Y una noche apareció, pálido y agitado. Se paró en la entrada, una carta en la mano. Brevemente, anunciaba que Akiko se iba a casar con un señor Watanabe al que conocía y a quien le estaba yendo bien en una compañía de Osaka, de modo que no vendría a Tokio para ser la señora Sato. Lo lamentaba mucho, pero no había nada que hacer. Le pedía que se cuidara, esta primavera hacía un frío fuera de temporada.

Lo hice pasar y, como era una noche de primavera inexplicablemente fresca, le di un ponche caliente. Entonces, tan aliviado por su carta como él estaba enojado, le dije, entre otras cosas, que tenía suerte de haber descubierto el carácter de la chica antes de casarse, que se había librado, que habría otra mucho más digna de él.

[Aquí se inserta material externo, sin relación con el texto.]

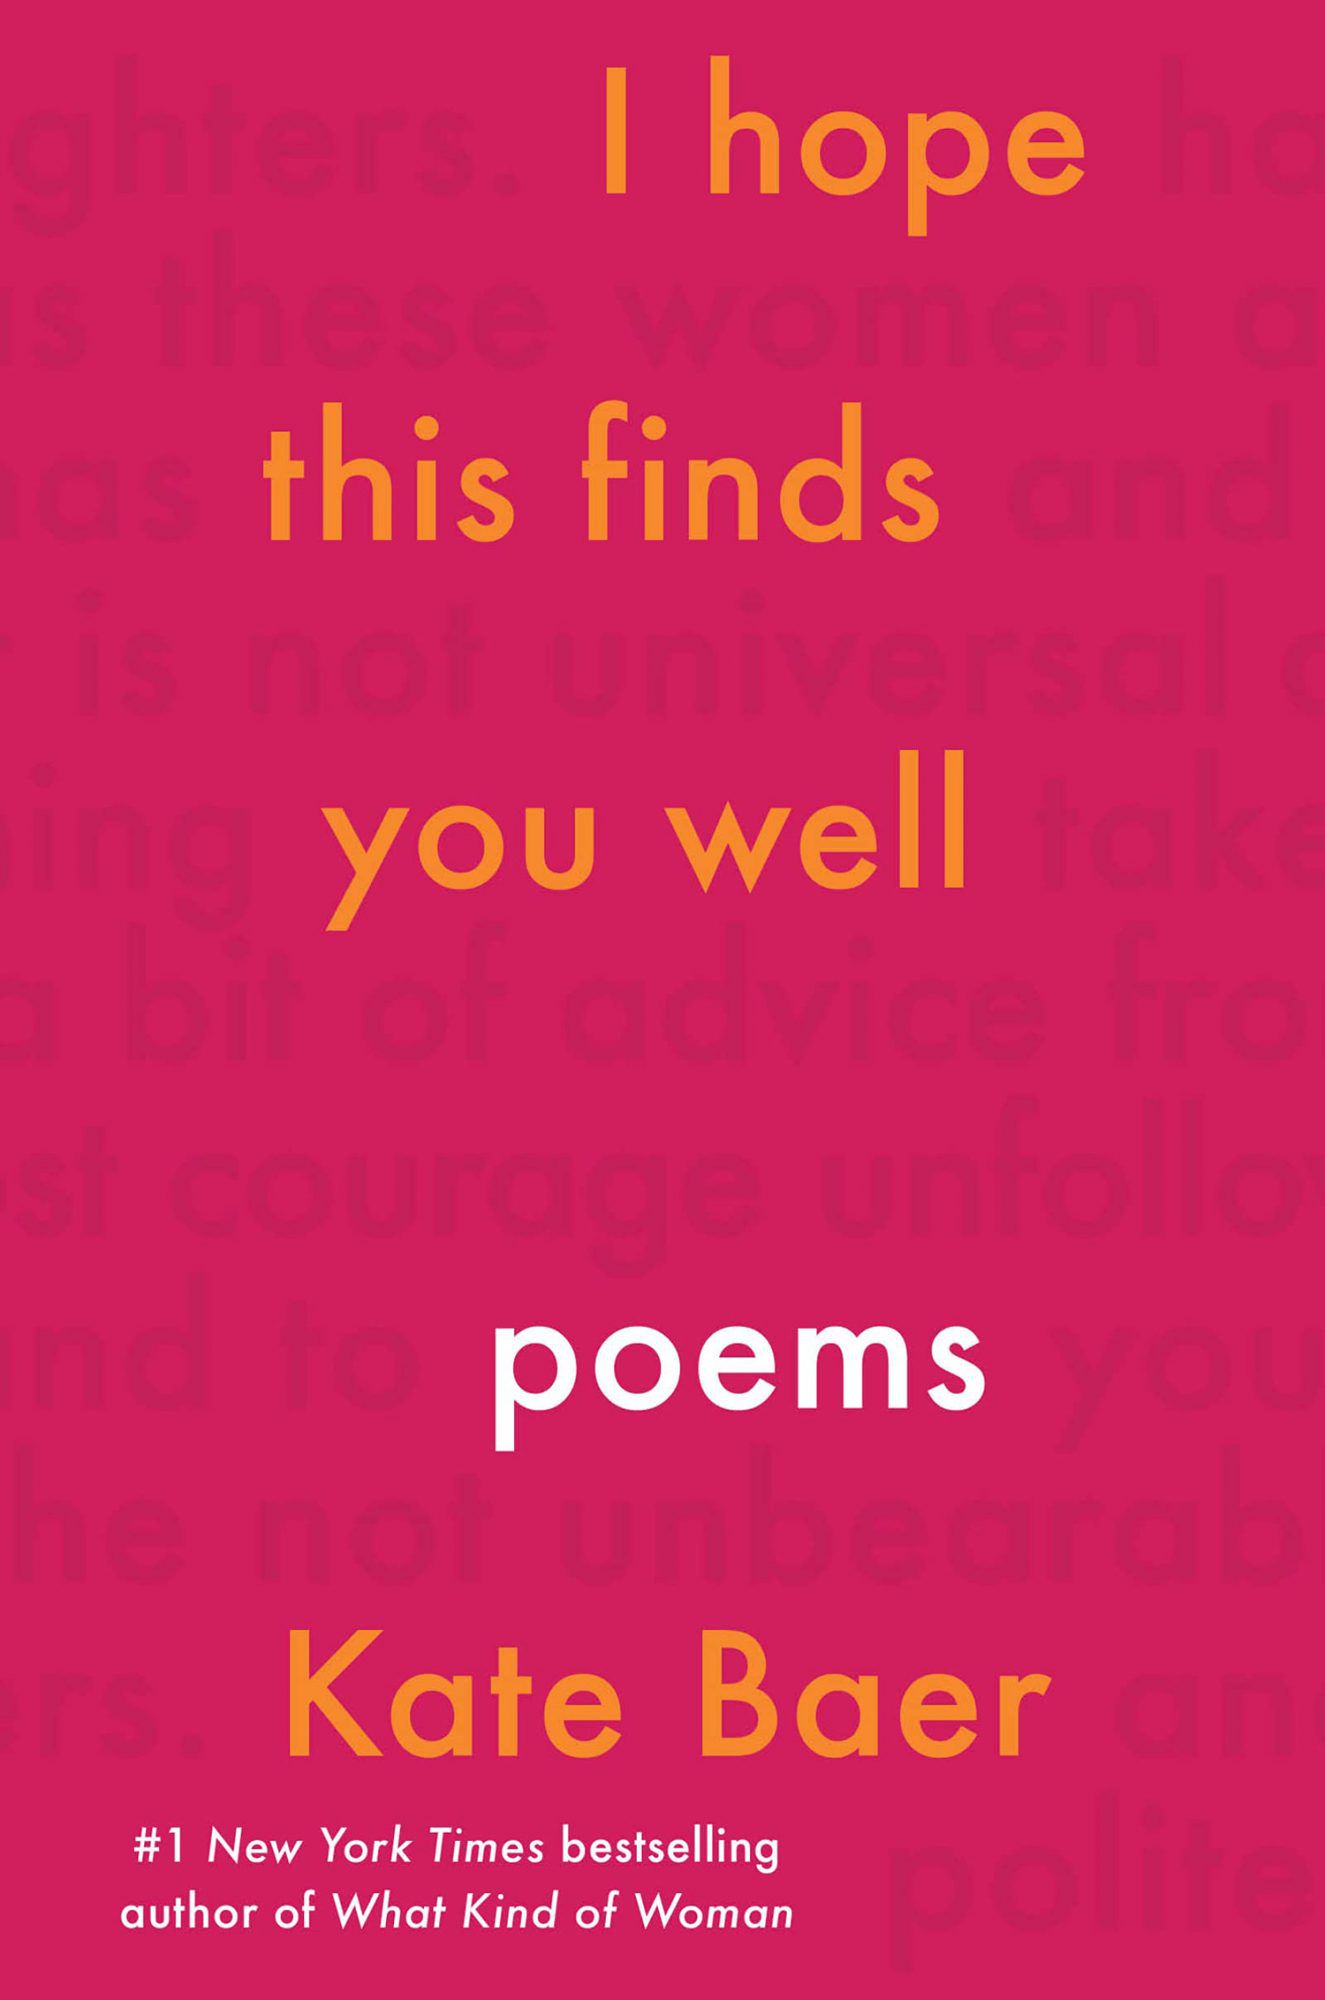 I Hope This Finds You Well, by Kate Baer

Todas estas sensatas observaciones fueron rechazadas y vi que, a pesar de todo, Sato seguía estando enamorado, y ahora más que antes. Estaba enamorado porque necesitaba estarlo y no hacía más que oír mis comentarios, moviendo ausente la cabeza. Estaba decidido. Iba a dejar su trabajo, sin decírselo a nadie. Iba a tomar el tren para Akita esa misma noche. Otra vez de pie en la entrada, lo miré: un hombre infeliz crecido, y me maravillé ante el poder de las emociones, la fuerza de la necesidad. Trató de sonreír. No pudo.

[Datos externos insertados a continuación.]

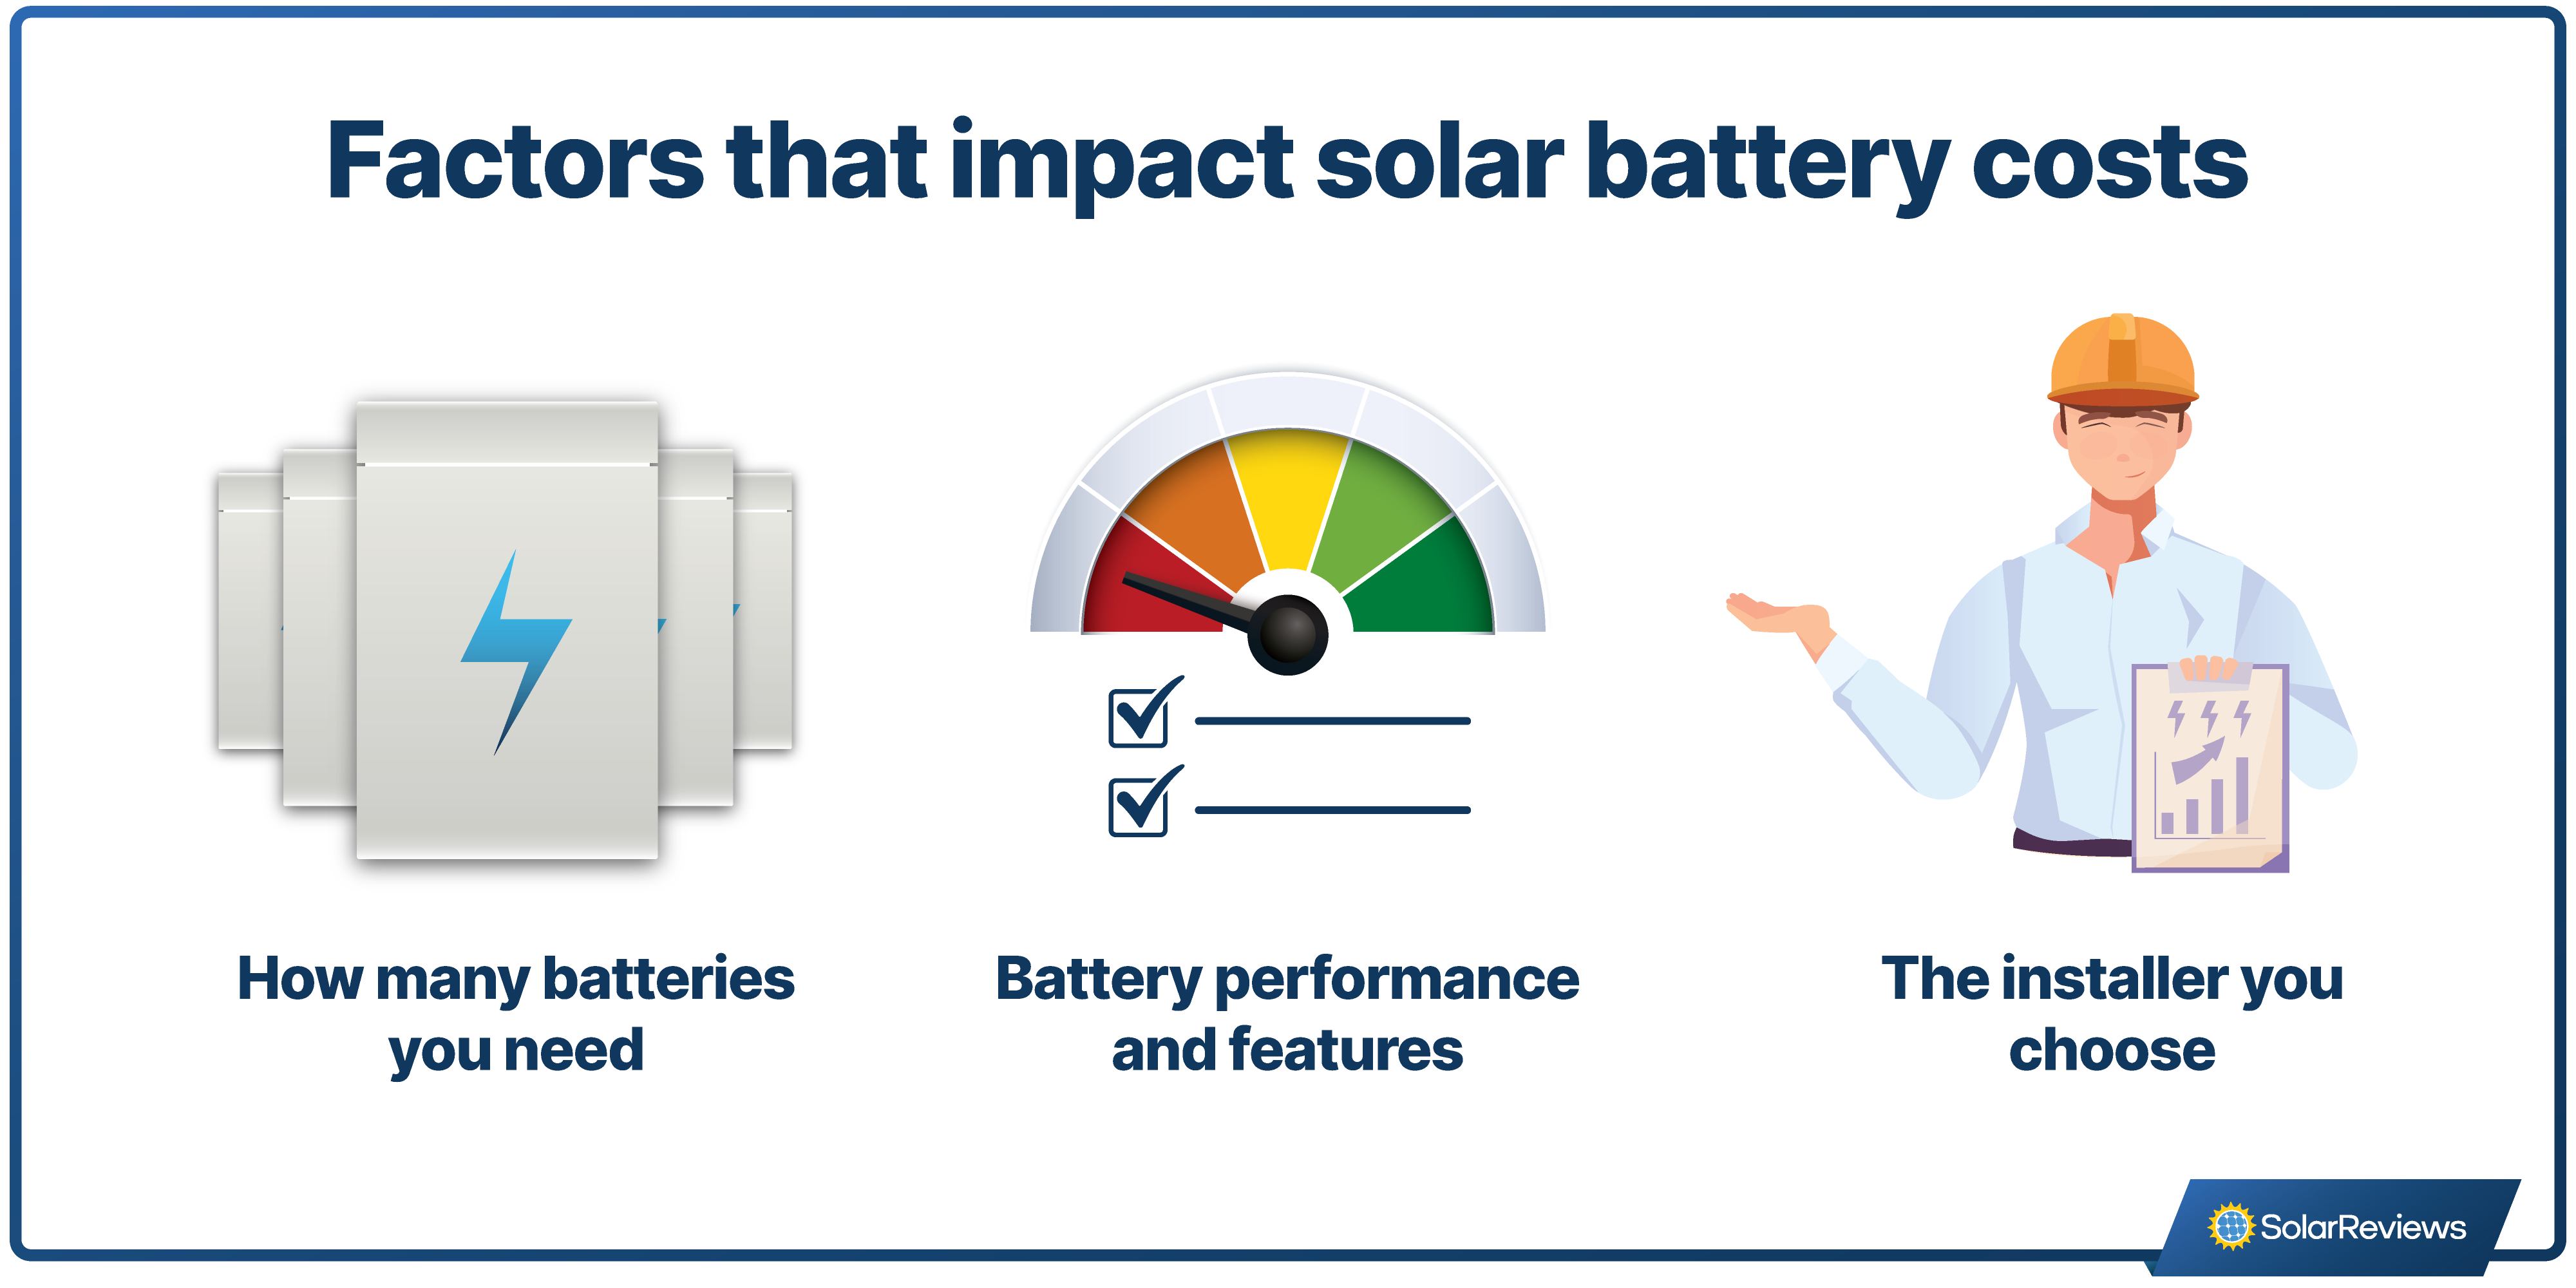 Graphic display three factors that impact solar battery costs, including how many batteries you need, the battery's performance and features, and the installer you choose.

No volví a verlo. El resto lo escuché de los vecinos, todos los cuales estuvieron escandalizados durante una semana o cosa así. Había regresado a Akita, había cierta chica ahí, y quién lo hubiera pensado, un muchacho encantador, un trabajador confiable como él.

Como sea, ella trabajaba en aquella cafetería, el había ido ahí, y entonces… pero aquí las historias variaban. Tal vez hubo una discusión, tal vez ella había gritado en presencia de los otros clientes. En cualquier caso fue probablemente después de algo así cuando él fue a ver a su madre, por última vez.

–Se mató, dije, viéndolo ante mí, pensando en su padre: se disparó. 

Bueno, eso no lo sabían. Bueno, muy bien, probablemente se mató. Parece que lo encontraron en la playa, en la lluvia, evidentemente mucho después de muerto. ¿De un disparo? No, no lo creen. No tenía una pistola, ¿ves? La historia era que había tomado una navaja de la cocina de su mamá y la había usado. Al menos eso era lo que la gente decía.

No pude enterarme de nada más. El dueño de la nandemoya se negó a contestar más preguntas. Me paré frente a la tienda y pensé en él: Hidetada Sato, de diecinueve años, solo en esa playa helada. ~

© Donald Richie

De Geisha, Gangster, Neighbor,

Nun: Scenes from Japanese Lives, Kodansha, 1987.